■ **REQUIRED WORK**: Every line from the one with "Mocht u bang" to the end of the listing, and nothing else, is to be printed exactly; please leave the pictures out.

■ **AVAILABLE DATA**:
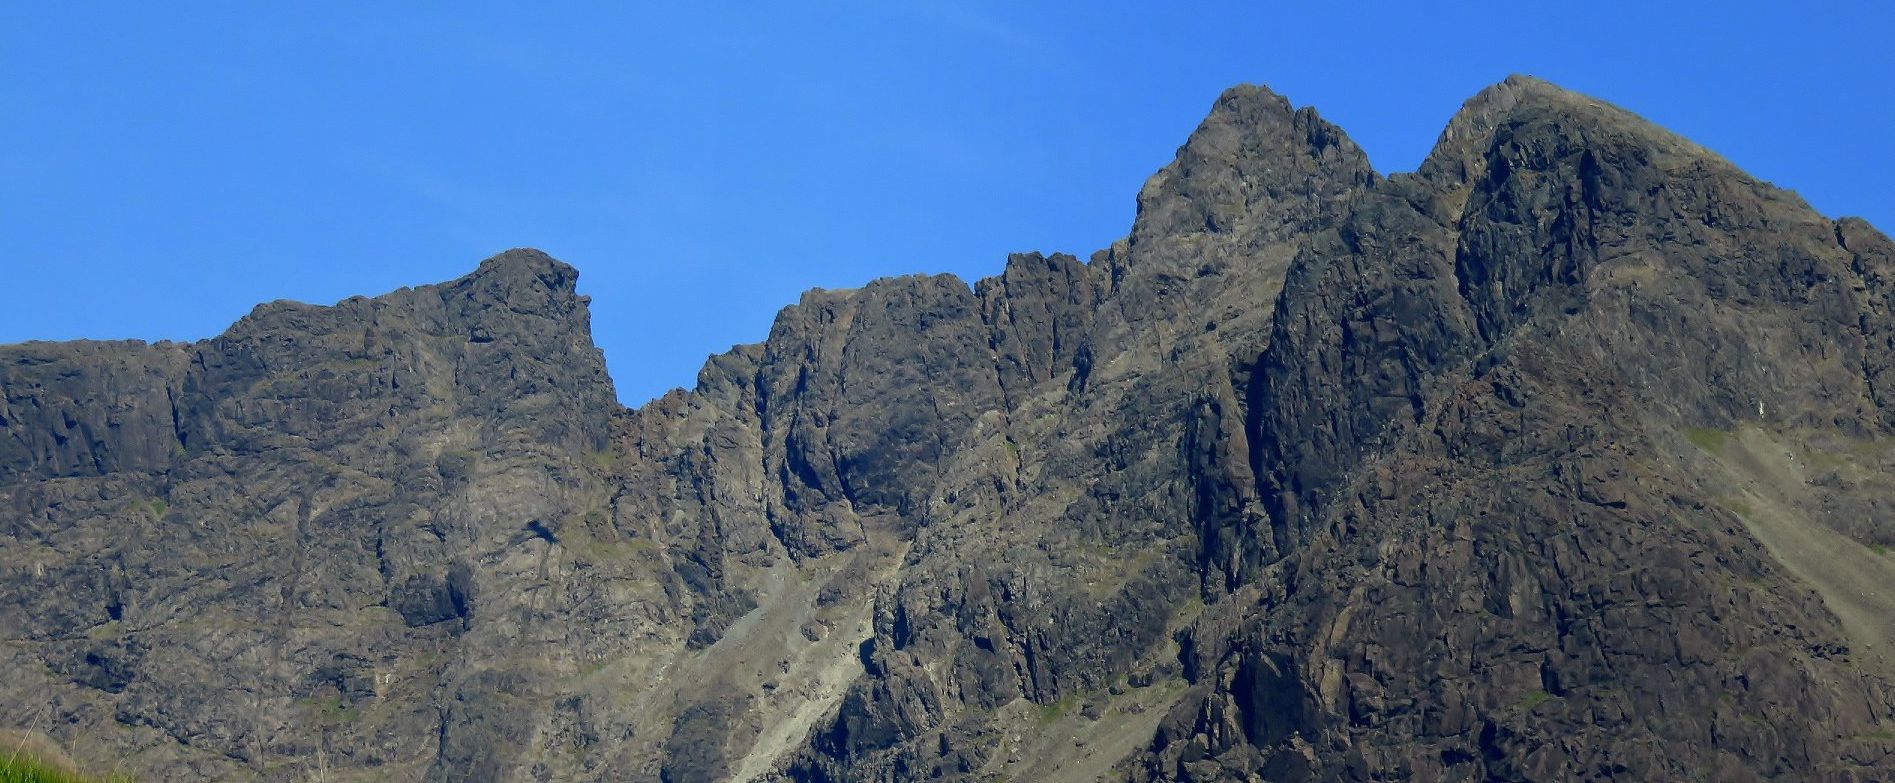 Skye Ridge - Sgurr Alasdair
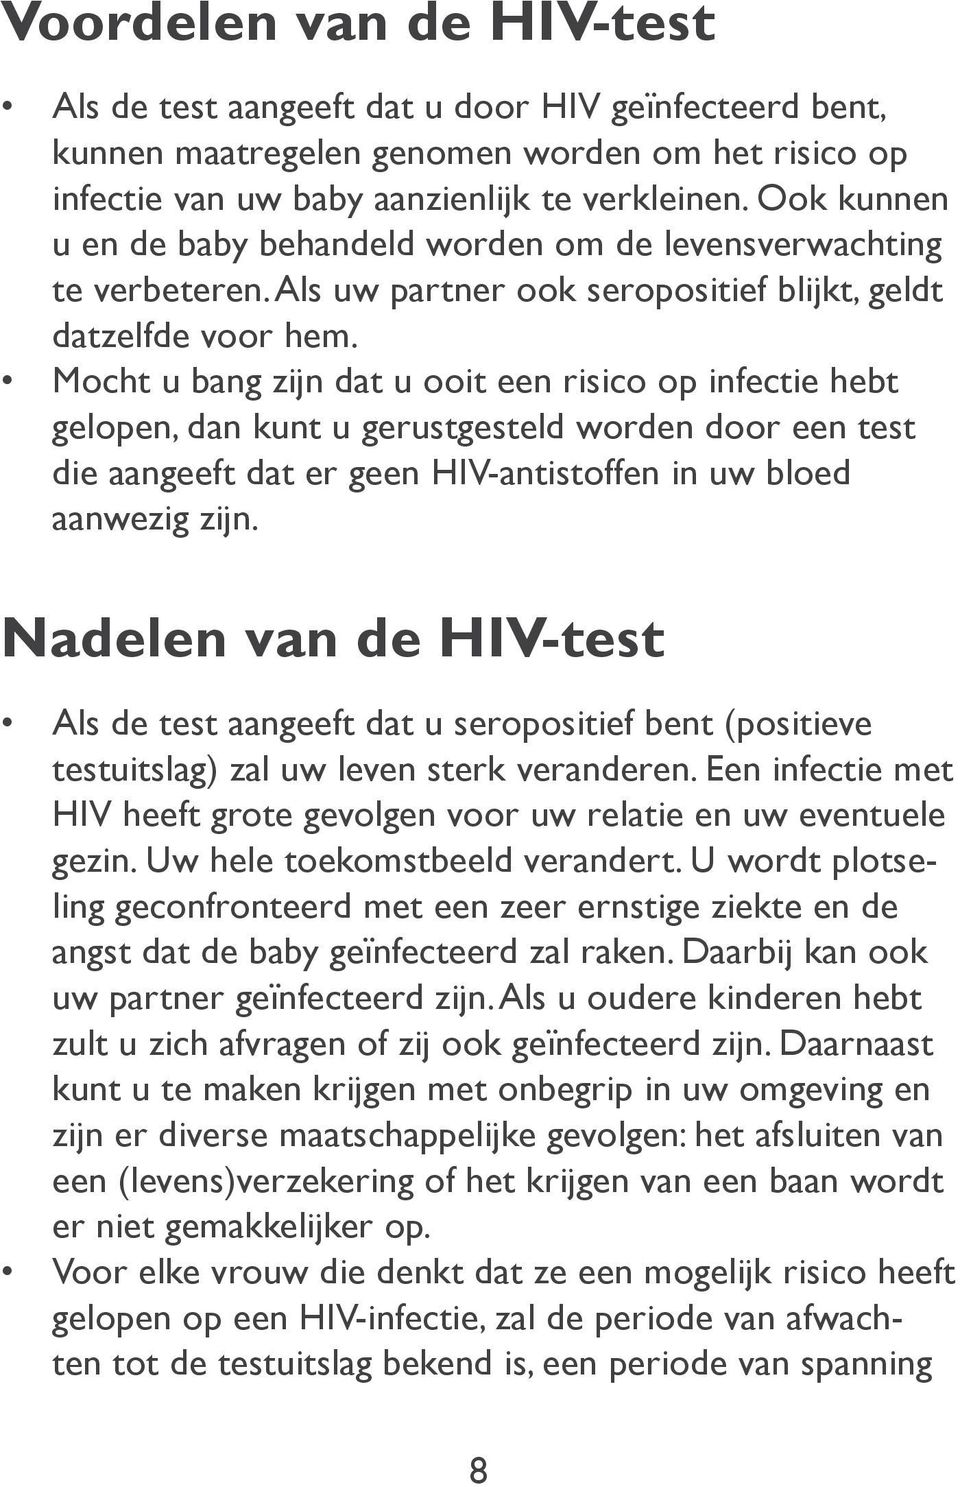 Mocht u bang zijn dat u ooit een risico op infectie hebt gelopen, dan kunt u gerustgesteld worden door een test die aangeeft dat er geen HIV-antistoffen in uw bloed aanwezig zijn.
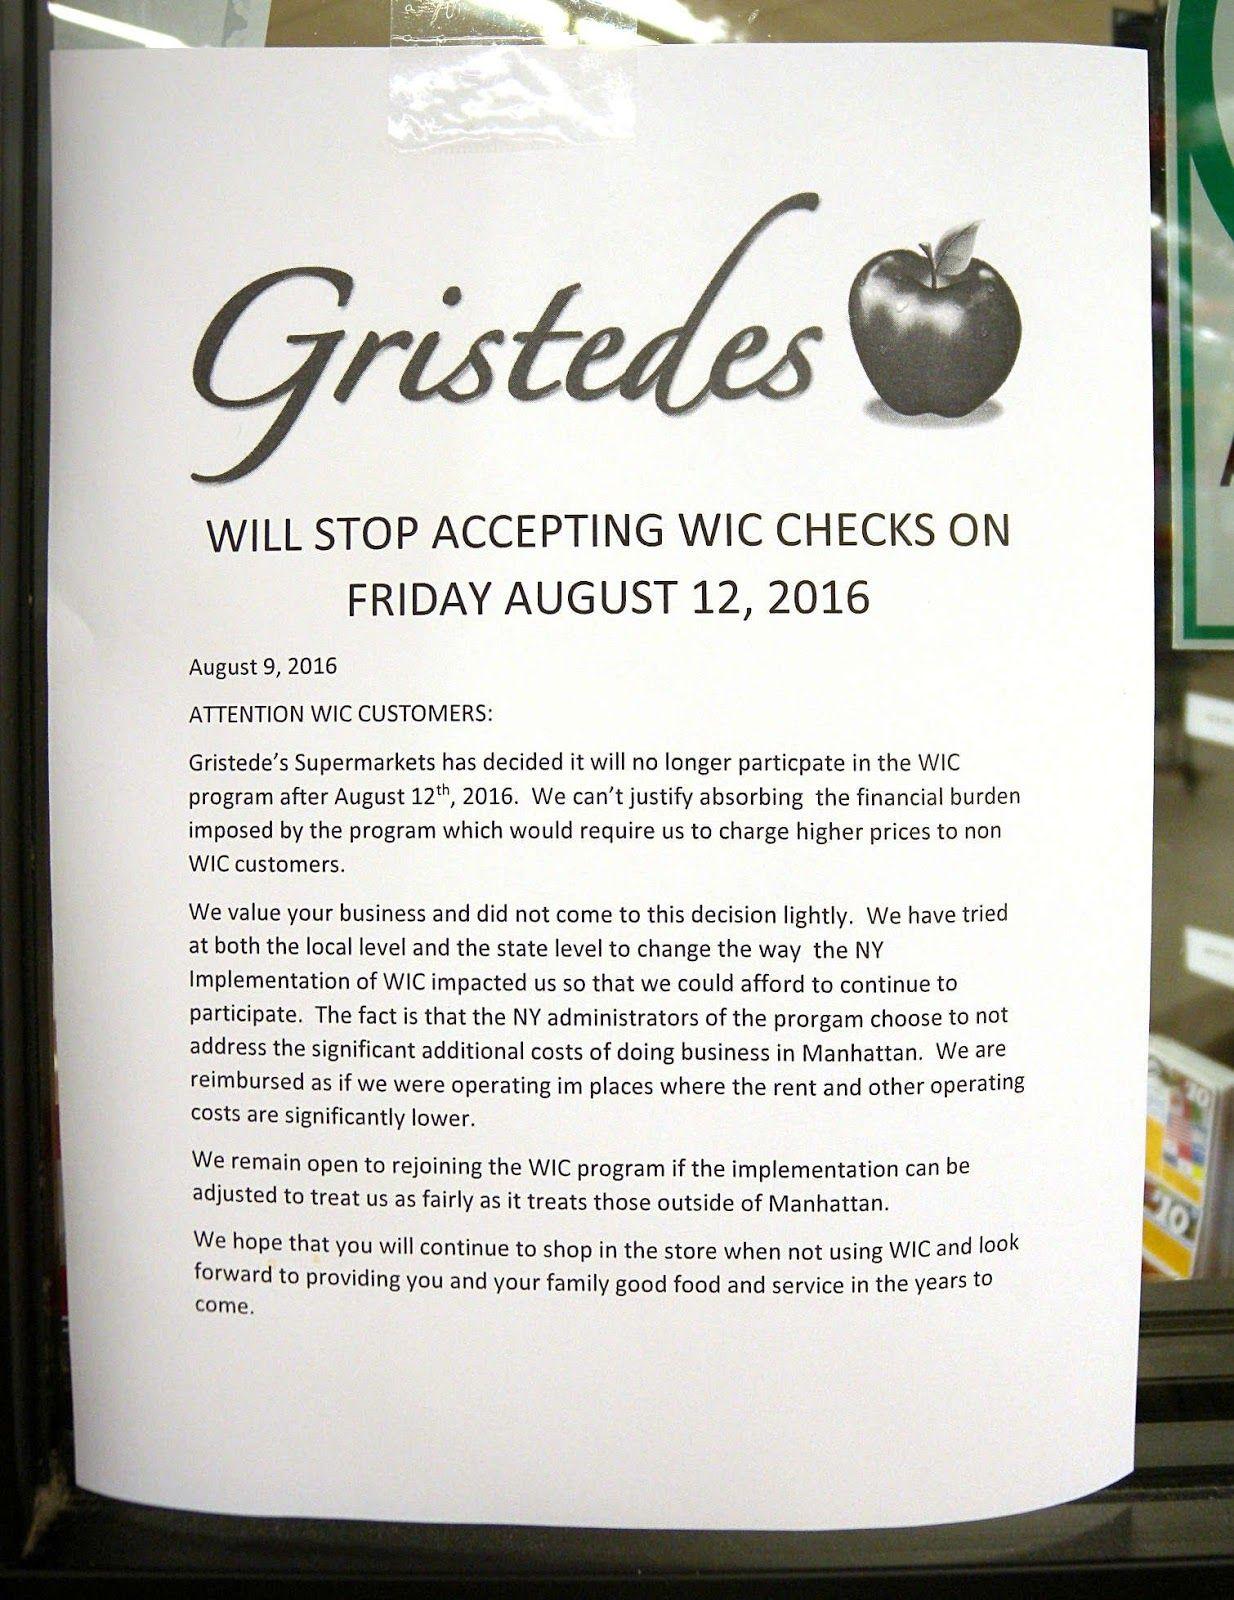 Gristedes Logo - Roosevelt Islander Online: Gristedes Supermarkets Stops Accepting NY ...
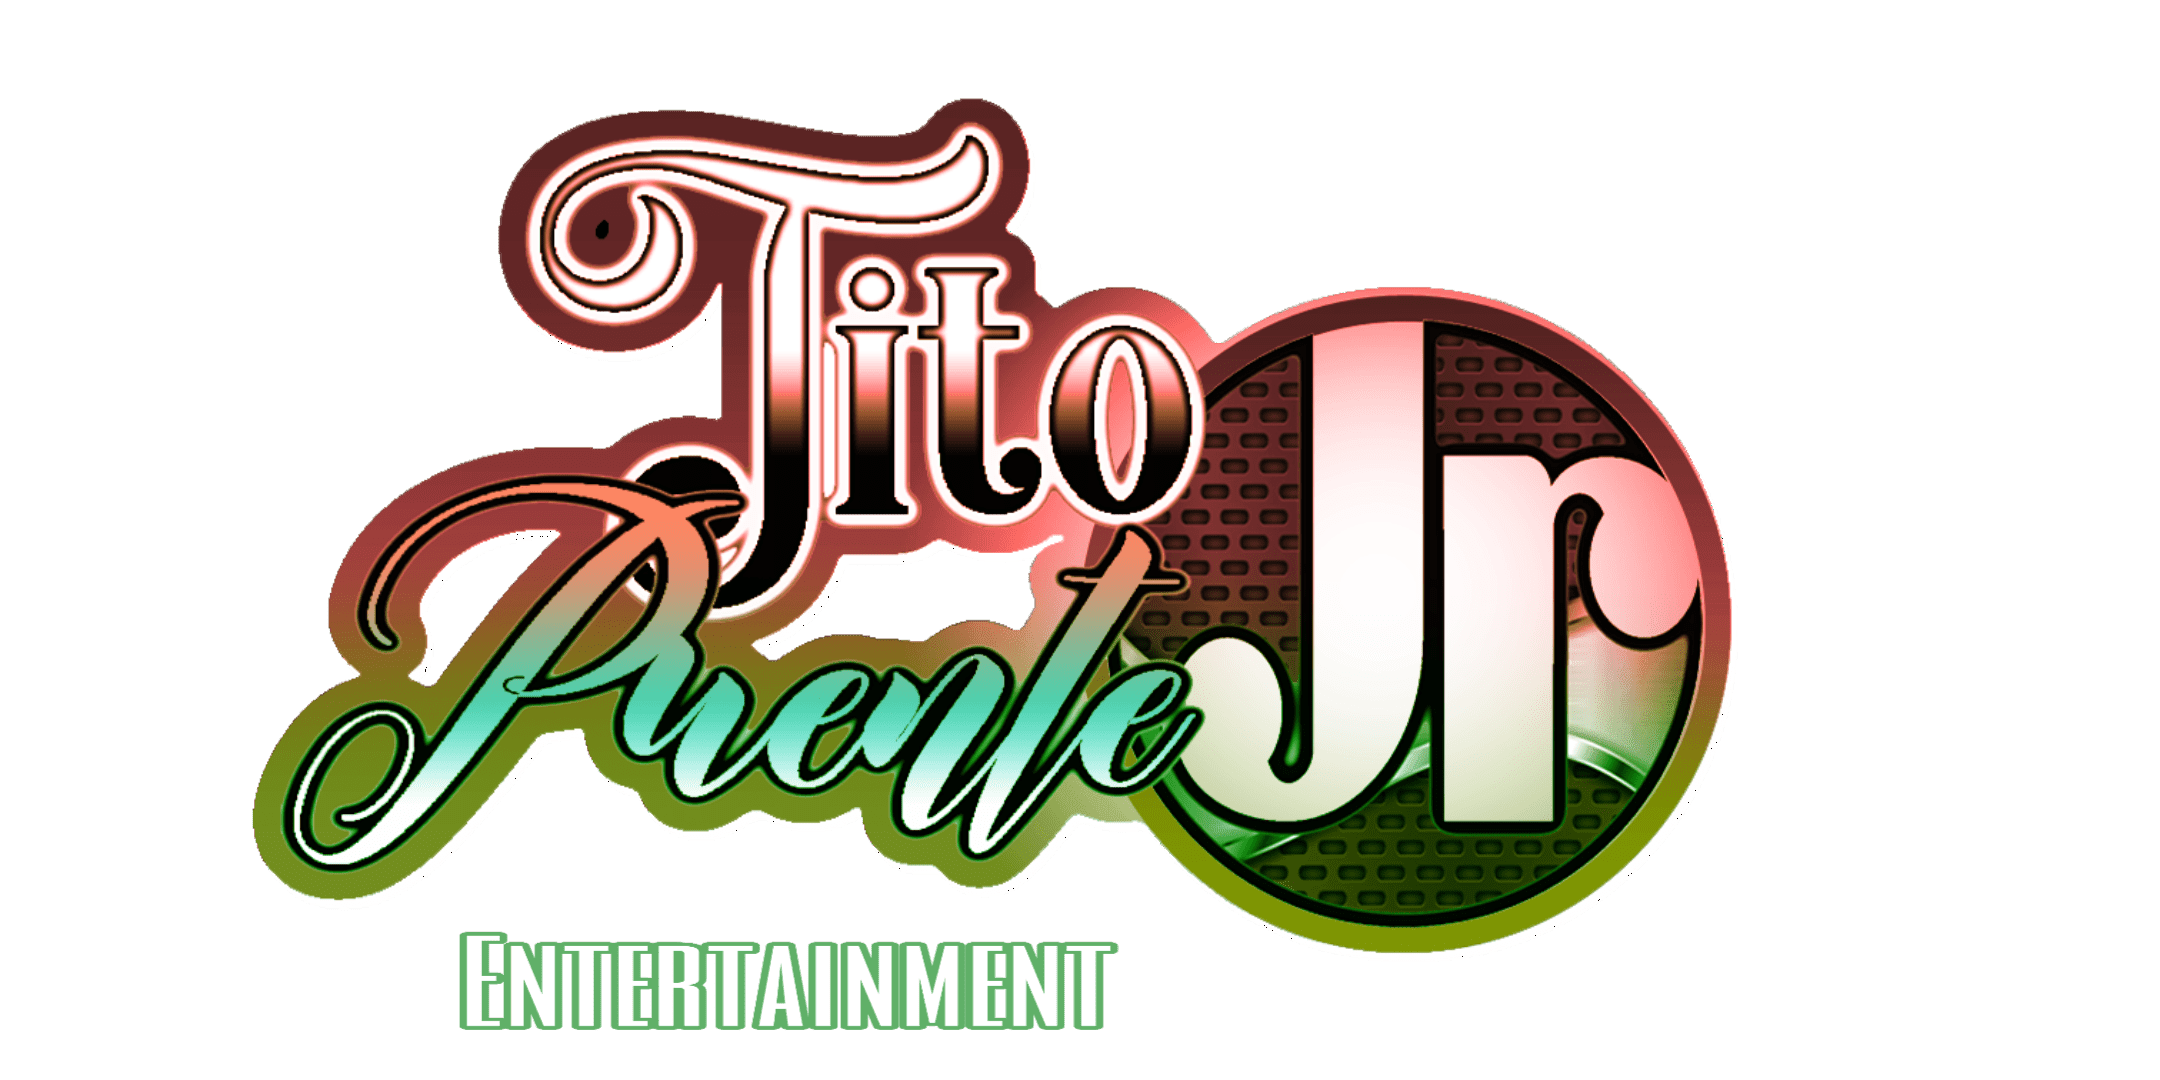 Tito Puente Jr. Entertainment

■ **OUTPUT OF THE TASK**:
 Mocht u bang zijn dat u ooit een risico op infectie hebt gelopen, dan kunt u gerustgesteld worden door een test die aangeeft dat er geen HIV-antistoffen in uw bloed aanwezig zijn.
 Gristedes Logo - Roosevelt Islander Online: Gristedes Supermarkets Stops Accepting NY ...
 Tito Puente Jr. Entertainment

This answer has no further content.